**DATA EXTRACT**

......

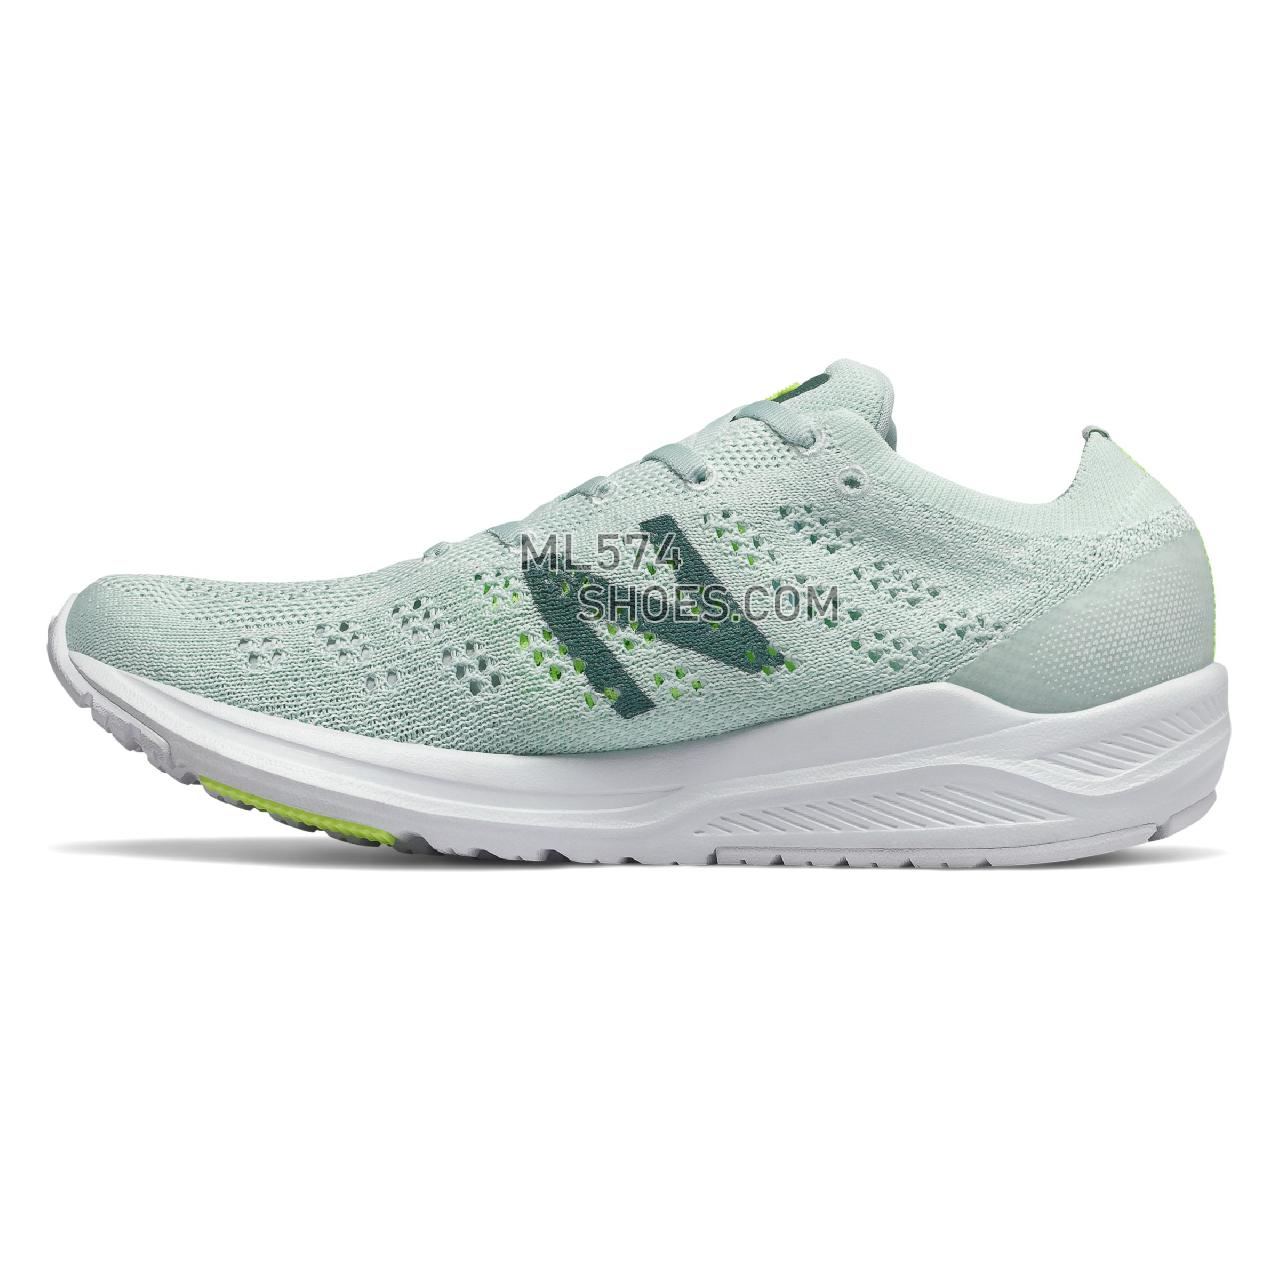 New Balance 890v7 - Women's Neutral Running - Crystal with Dark Agave and Bleached Lime Glo - W890BG7
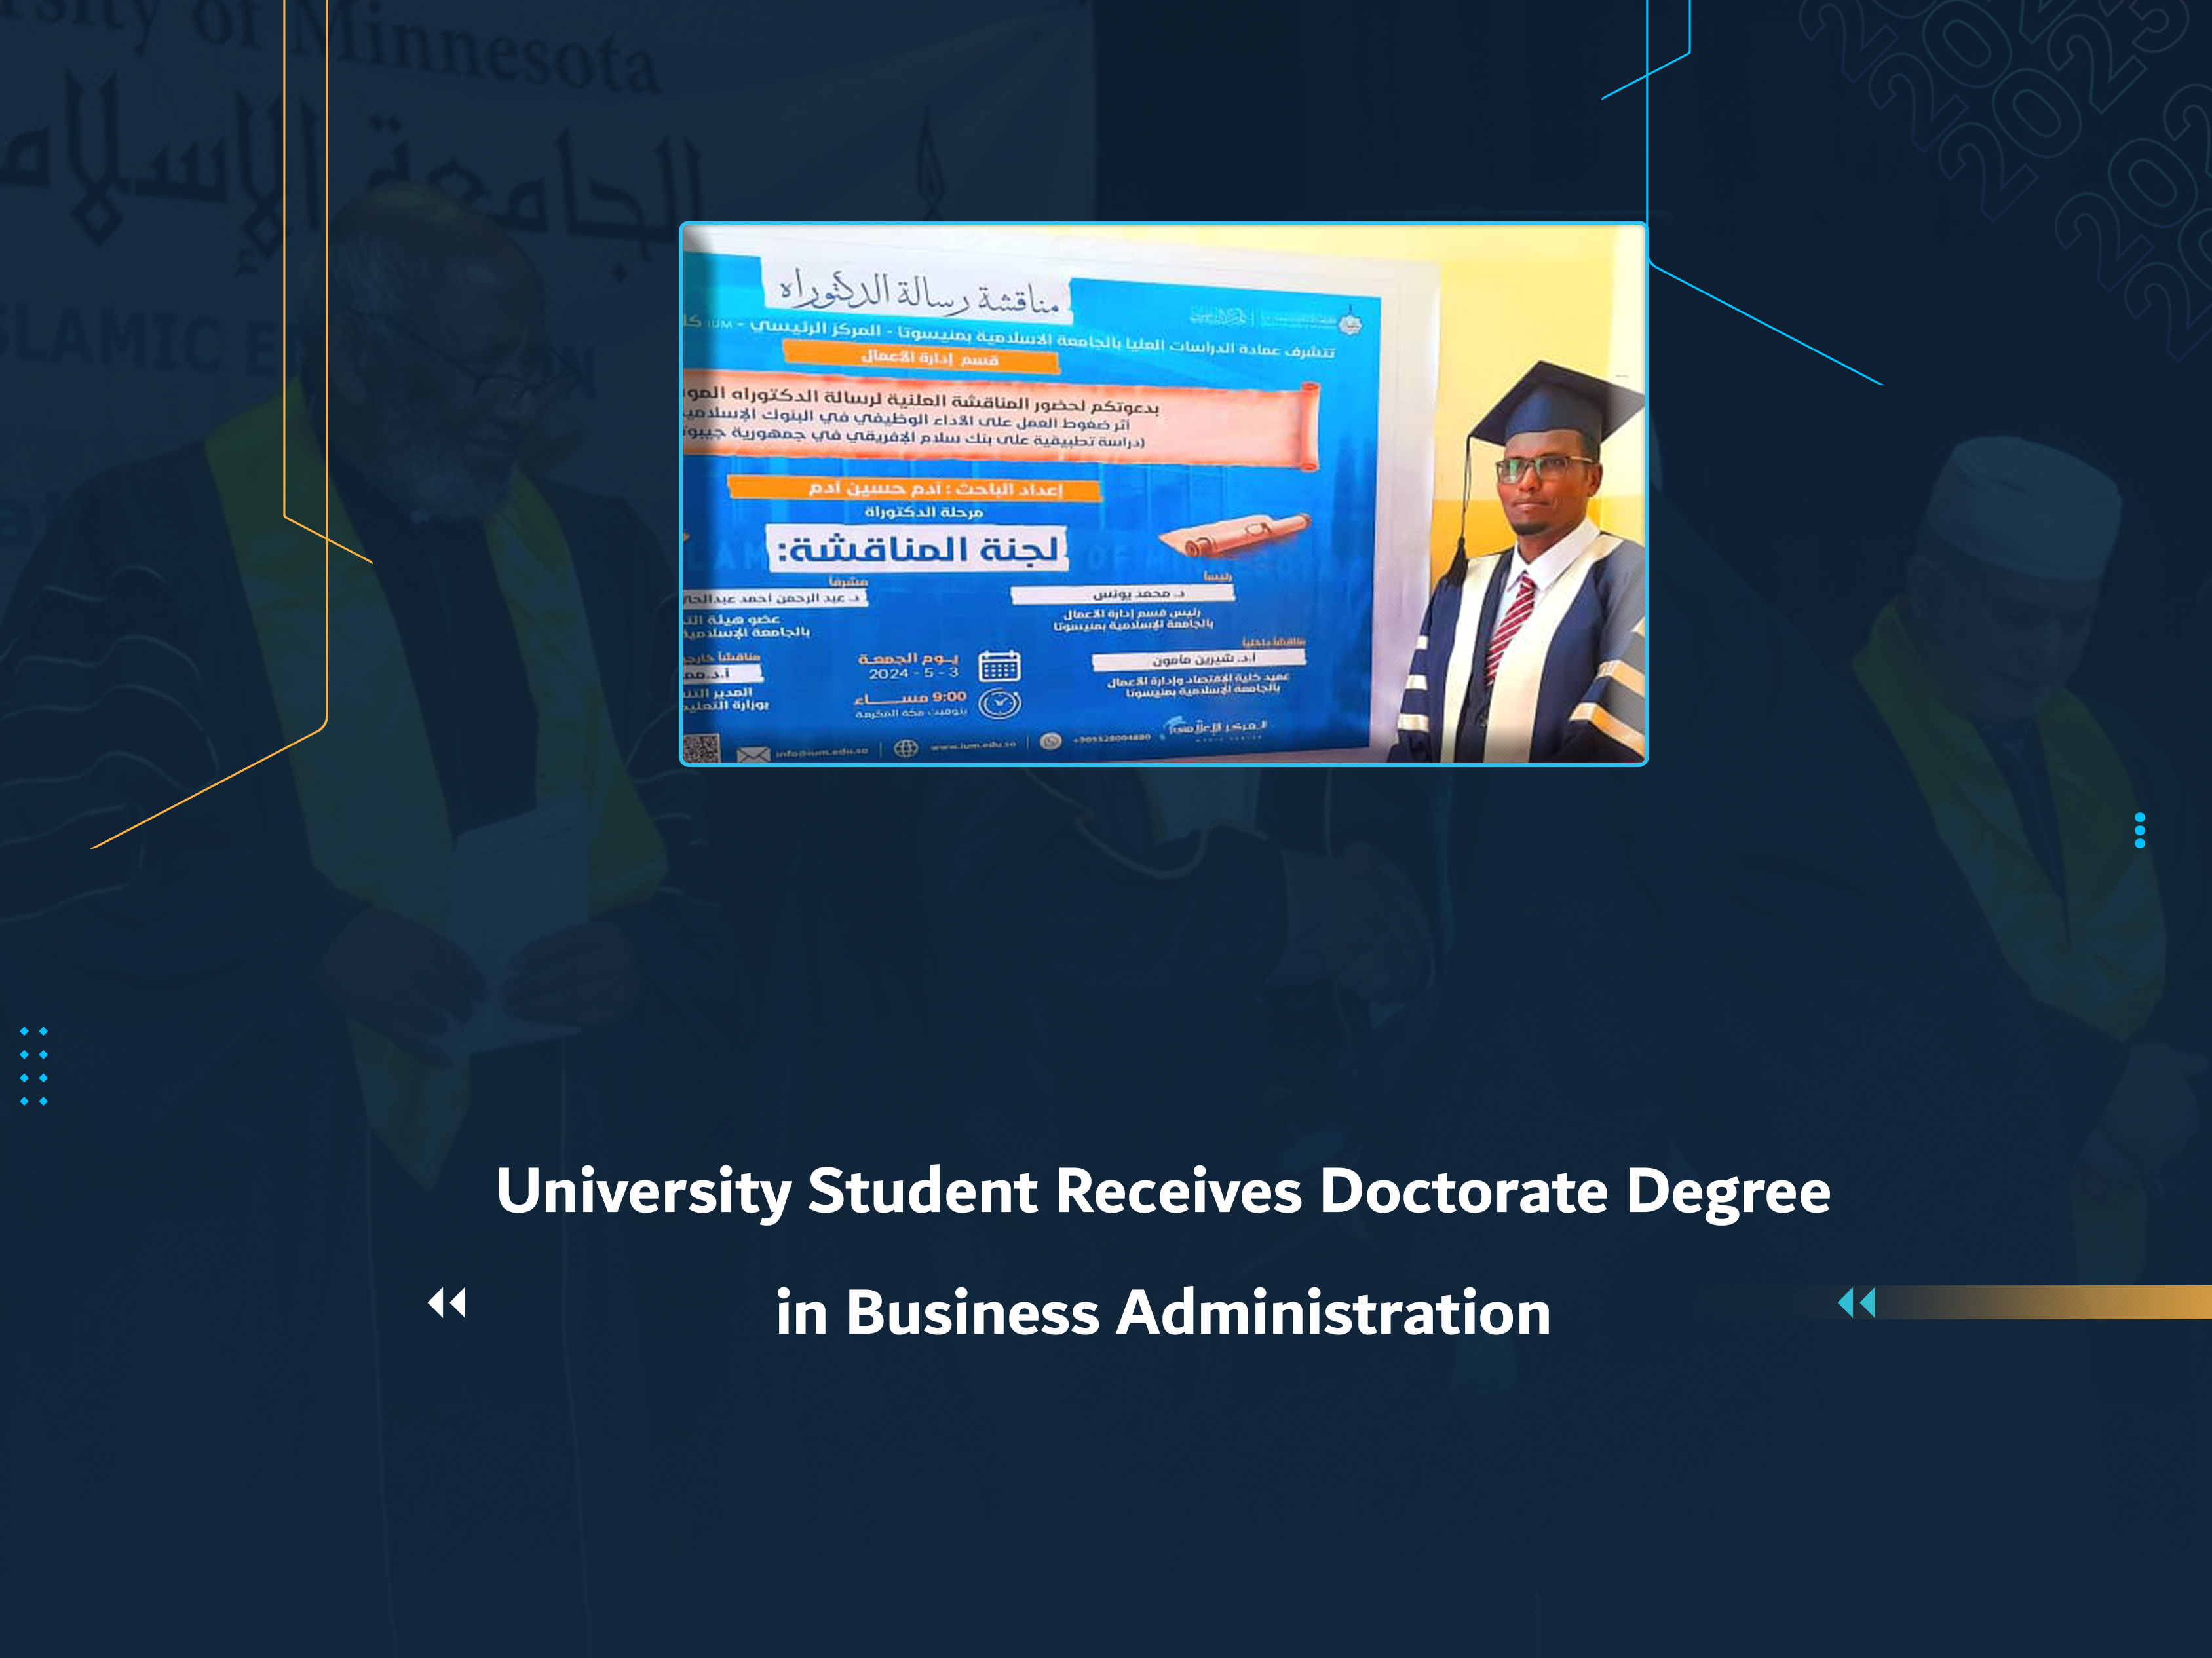 University Student Receives Doctorate Degree in Business Administration
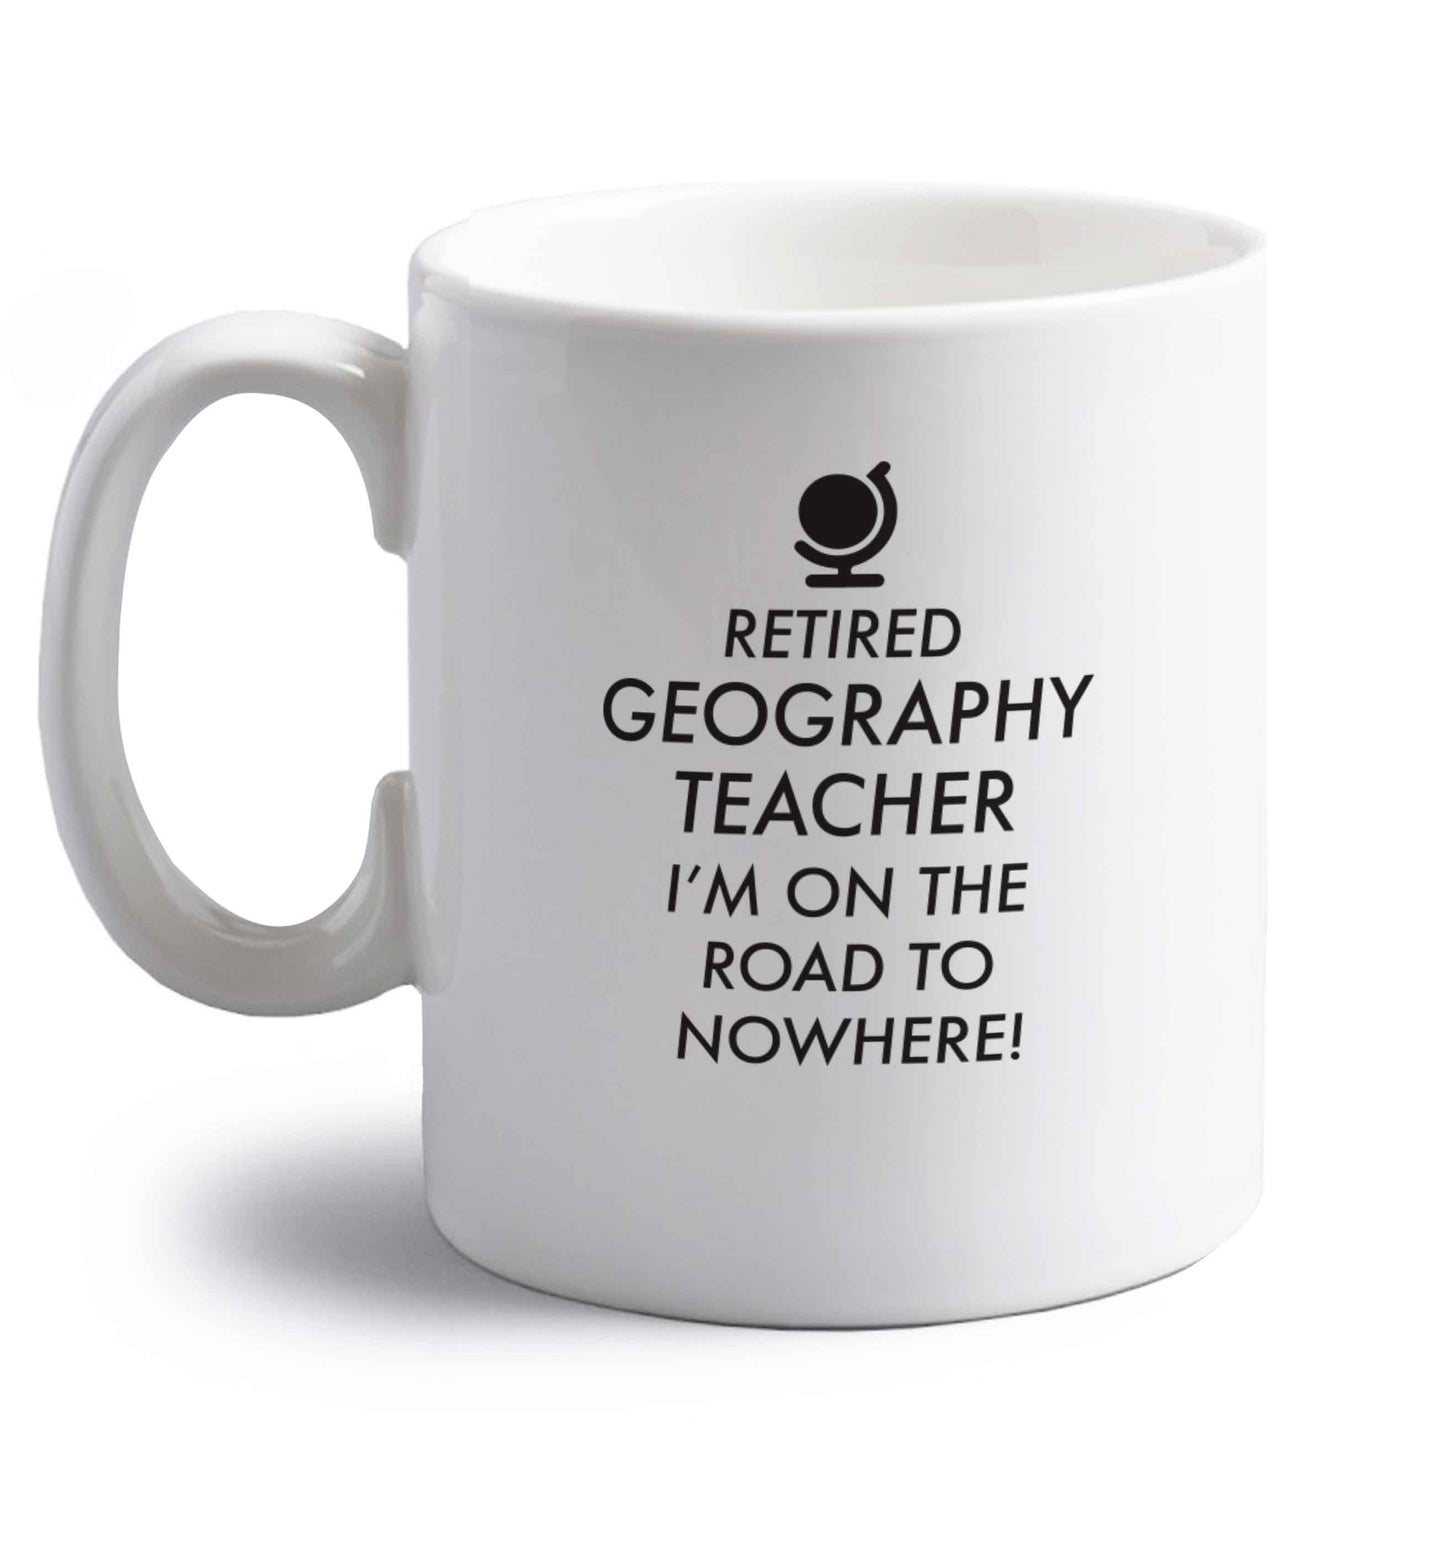 Retired geography teacher I'm on the road to nowhere right handed white ceramic mug

......

**TASK DESCRIPTION**
Take the listing above and print it exactly, apart from the pictures.

**REPLY**
 New Balance 890v7 - Women's Neutral Running - Crystal with Dark Agave and Bleached Lime Glo - W890BG7
 University Student Receives Doctorate Degree in Business Administration
 Retired geography teacher I'm on the road to nowhere right handed white ceramic mug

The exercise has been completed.